> What you will do: Please copy exactly the lines from the top of the data through the line containing "Beautiful views of", and nothing else.

> Given entries:
○ ○ ○ ○ ○
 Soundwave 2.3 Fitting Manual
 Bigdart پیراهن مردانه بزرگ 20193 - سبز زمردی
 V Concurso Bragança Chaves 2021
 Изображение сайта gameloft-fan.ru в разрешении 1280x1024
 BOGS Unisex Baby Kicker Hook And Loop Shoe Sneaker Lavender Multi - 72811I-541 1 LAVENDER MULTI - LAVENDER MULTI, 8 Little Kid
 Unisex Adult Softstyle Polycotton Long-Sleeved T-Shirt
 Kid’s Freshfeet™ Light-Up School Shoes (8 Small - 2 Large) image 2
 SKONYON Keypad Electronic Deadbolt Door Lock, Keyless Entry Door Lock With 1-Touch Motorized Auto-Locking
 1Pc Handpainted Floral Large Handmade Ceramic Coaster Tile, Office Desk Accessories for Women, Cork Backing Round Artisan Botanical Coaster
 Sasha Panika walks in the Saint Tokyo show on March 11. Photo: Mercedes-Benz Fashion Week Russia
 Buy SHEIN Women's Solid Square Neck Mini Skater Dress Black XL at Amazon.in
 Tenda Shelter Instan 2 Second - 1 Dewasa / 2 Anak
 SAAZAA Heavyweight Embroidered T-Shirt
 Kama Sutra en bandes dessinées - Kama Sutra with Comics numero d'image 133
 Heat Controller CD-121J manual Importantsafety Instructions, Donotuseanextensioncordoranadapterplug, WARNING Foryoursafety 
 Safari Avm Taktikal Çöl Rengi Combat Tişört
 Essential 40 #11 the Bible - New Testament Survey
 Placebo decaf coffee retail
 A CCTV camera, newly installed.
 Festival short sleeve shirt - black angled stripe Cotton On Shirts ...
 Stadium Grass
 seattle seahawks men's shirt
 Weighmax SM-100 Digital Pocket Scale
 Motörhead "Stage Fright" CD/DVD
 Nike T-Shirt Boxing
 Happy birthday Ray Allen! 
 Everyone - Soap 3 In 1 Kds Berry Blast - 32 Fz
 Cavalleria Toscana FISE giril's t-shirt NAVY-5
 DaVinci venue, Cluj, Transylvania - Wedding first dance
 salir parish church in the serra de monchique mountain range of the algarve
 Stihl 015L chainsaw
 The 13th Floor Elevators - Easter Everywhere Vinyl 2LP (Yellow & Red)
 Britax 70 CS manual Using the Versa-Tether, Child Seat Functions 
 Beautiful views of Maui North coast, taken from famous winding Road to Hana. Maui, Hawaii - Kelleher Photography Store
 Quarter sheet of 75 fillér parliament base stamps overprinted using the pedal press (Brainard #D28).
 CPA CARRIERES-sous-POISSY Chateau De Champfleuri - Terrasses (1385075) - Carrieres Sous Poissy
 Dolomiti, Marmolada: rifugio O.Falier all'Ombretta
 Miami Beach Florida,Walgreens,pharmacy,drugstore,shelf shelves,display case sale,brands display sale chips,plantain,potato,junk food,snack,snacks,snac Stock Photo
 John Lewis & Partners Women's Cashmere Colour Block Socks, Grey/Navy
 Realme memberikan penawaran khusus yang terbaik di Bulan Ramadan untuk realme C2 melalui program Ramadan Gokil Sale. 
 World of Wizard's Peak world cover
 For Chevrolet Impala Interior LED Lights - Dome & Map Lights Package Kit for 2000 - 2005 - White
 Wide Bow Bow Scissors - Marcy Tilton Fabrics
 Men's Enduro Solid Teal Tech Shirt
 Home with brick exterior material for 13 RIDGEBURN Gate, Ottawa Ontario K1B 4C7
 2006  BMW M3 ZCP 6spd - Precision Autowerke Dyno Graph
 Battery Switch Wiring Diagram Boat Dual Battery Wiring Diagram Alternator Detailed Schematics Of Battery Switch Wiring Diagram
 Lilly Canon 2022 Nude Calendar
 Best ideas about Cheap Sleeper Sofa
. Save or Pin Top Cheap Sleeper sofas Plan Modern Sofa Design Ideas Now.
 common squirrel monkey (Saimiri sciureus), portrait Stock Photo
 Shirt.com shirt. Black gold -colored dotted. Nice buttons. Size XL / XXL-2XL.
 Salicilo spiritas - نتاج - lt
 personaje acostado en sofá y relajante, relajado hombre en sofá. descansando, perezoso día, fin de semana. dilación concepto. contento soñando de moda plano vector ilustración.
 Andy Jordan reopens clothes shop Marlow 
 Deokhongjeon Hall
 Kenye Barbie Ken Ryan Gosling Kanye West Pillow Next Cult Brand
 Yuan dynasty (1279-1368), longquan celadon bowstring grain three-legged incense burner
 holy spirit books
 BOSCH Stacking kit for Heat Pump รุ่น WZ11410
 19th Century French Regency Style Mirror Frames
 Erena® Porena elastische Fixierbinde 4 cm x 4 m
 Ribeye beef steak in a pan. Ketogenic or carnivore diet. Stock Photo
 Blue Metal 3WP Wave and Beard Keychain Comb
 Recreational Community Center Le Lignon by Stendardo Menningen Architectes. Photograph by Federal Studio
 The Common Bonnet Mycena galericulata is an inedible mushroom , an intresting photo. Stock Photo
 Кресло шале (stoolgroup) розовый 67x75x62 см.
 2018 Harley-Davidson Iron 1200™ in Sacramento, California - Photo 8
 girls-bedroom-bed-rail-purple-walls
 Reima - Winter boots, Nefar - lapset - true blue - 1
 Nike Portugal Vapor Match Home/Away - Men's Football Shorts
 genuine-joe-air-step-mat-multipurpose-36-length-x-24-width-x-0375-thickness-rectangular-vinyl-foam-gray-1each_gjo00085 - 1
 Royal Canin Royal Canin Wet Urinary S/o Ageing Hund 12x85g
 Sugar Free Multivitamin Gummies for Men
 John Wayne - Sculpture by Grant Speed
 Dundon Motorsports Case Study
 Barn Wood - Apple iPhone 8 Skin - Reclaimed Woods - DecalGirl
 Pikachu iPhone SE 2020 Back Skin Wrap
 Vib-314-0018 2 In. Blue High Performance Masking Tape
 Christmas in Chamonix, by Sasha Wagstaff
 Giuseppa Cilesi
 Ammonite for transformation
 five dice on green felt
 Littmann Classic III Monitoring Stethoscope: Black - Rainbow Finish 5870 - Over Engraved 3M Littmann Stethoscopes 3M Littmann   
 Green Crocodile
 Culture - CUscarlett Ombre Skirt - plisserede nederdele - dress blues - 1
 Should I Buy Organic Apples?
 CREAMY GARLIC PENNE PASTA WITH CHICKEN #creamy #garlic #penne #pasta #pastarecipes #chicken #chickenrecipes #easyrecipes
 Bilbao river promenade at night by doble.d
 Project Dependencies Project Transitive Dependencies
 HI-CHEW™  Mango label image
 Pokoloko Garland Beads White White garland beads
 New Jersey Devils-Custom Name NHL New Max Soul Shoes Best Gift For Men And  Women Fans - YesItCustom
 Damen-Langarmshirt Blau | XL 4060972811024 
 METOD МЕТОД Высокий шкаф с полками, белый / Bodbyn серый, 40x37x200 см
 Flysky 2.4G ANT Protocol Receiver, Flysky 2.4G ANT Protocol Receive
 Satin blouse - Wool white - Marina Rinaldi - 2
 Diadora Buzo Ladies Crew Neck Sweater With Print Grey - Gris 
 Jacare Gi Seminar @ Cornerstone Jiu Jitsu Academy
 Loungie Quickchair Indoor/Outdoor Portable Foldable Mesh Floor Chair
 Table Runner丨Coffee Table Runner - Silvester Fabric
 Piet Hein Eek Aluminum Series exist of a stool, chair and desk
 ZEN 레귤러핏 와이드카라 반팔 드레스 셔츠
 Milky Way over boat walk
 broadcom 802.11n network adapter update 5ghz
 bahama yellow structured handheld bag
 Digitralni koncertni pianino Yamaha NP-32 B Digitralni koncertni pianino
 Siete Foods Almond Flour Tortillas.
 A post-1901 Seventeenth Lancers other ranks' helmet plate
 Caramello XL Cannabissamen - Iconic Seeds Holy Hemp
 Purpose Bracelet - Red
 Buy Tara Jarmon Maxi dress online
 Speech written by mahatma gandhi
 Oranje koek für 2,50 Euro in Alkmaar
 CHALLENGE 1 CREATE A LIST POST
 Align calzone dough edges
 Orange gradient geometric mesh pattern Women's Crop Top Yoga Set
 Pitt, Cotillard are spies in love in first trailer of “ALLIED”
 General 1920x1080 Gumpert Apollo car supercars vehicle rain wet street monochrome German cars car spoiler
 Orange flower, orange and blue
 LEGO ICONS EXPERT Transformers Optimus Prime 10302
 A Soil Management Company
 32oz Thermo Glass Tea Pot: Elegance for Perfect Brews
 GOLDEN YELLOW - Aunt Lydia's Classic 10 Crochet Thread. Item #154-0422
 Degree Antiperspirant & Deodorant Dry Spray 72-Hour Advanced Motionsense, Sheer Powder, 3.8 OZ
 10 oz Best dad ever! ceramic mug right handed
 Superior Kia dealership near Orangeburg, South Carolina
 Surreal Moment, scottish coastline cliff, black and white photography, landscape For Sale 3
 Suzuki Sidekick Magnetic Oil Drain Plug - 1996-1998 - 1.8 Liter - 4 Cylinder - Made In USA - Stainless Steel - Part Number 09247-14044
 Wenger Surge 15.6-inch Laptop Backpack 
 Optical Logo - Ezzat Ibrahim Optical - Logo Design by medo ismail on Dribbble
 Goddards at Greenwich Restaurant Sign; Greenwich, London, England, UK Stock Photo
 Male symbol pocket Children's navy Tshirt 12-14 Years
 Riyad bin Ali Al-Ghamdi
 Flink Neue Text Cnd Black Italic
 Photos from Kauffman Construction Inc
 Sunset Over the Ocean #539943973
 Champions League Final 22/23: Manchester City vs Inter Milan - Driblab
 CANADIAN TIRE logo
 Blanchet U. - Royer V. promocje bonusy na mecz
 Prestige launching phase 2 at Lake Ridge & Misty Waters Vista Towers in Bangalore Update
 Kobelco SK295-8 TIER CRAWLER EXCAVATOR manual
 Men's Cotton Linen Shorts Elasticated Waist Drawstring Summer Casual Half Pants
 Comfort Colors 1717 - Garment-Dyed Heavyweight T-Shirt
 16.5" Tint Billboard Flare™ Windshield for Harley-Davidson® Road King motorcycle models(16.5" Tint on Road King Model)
○ ○ ○ ○ ○
> Written reply:
 Soundwave 2.3 Fitting Manual
 Bigdart پیراهن مردانه بزرگ 20193 - سبز زمردی
 V Concurso Bragança Chaves 2021
 Изображение сайта gameloft-fan.ru в разрешении 1280x1024
 BOGS Unisex Baby Kicker Hook And Loop Shoe Sneaker Lavender Multi - 72811I-541 1 LAVENDER MULTI - LAVENDER MULTI, 8 Little Kid
 Unisex Adult Softstyle Polycotton Long-Sleeved T-Shirt
 Kid’s Freshfeet™ Light-Up School Shoes (8 Small - 2 Large) image 2
 SKONYON Keypad Electronic Deadbolt Door Lock, Keyless Entry Door Lock With 1-Touch Motorized Auto-Locking
 1Pc Handpainted Floral Large Handmade Ceramic Coaster Tile, Office Desk Accessories for Women, Cork Backing Round Artisan Botanical Coaster
 Sasha Panika walks in the Saint Tokyo show on March 11. Photo: Mercedes-Benz Fashion Week Russia
 Buy SHEIN Women's Solid Square Neck Mini Skater Dress Black XL at Amazon.in
 Tenda Shelter Instan 2 Second - 1 Dewasa / 2 Anak
 SAAZAA Heavyweight Embroidered T-Shirt
 Kama Sutra en bandes dessinées - Kama Sutra with Comics numero d'image 133
 Heat Controller CD-121J manual Importantsafety Instructions, Donotuseanextensioncordoranadapterplug, WARNING Foryoursafety 
 Safari Avm Taktikal Çöl Rengi Combat Tişört
 Essential 40 #11 the Bible - New Testament Survey
 Placebo decaf coffee retail
 A CCTV camera, newly installed.
 Festival short sleeve shirt - black angled stripe Cotton On Shirts ...
 Stadium Grass
 seattle seahawks men's shirt
 Weighmax SM-100 Digital Pocket Scale
 Motörhead "Stage Fright" CD/DVD
 Nike T-Shirt Boxing
 Happy birthday Ray Allen! 
 Everyone - Soap 3 In 1 Kds Berry Blast - 32 Fz
 Cavalleria Toscana FISE giril's t-shirt NAVY-5
 DaVinci venue, Cluj, Transylvania - Wedding first dance
 salir parish church in the serra de monchique mountain range of the algarve
 Stihl 015L chainsaw
 The 13th Floor Elevators - Easter Everywhere Vinyl 2LP (Yellow & Red)
 Britax 70 CS manual Using the Versa-Tether, Child Seat Functions 
 Beautiful views of Maui North coast, taken from famous winding Road to Hana. Maui, Hawaii - Kelleher Photography Store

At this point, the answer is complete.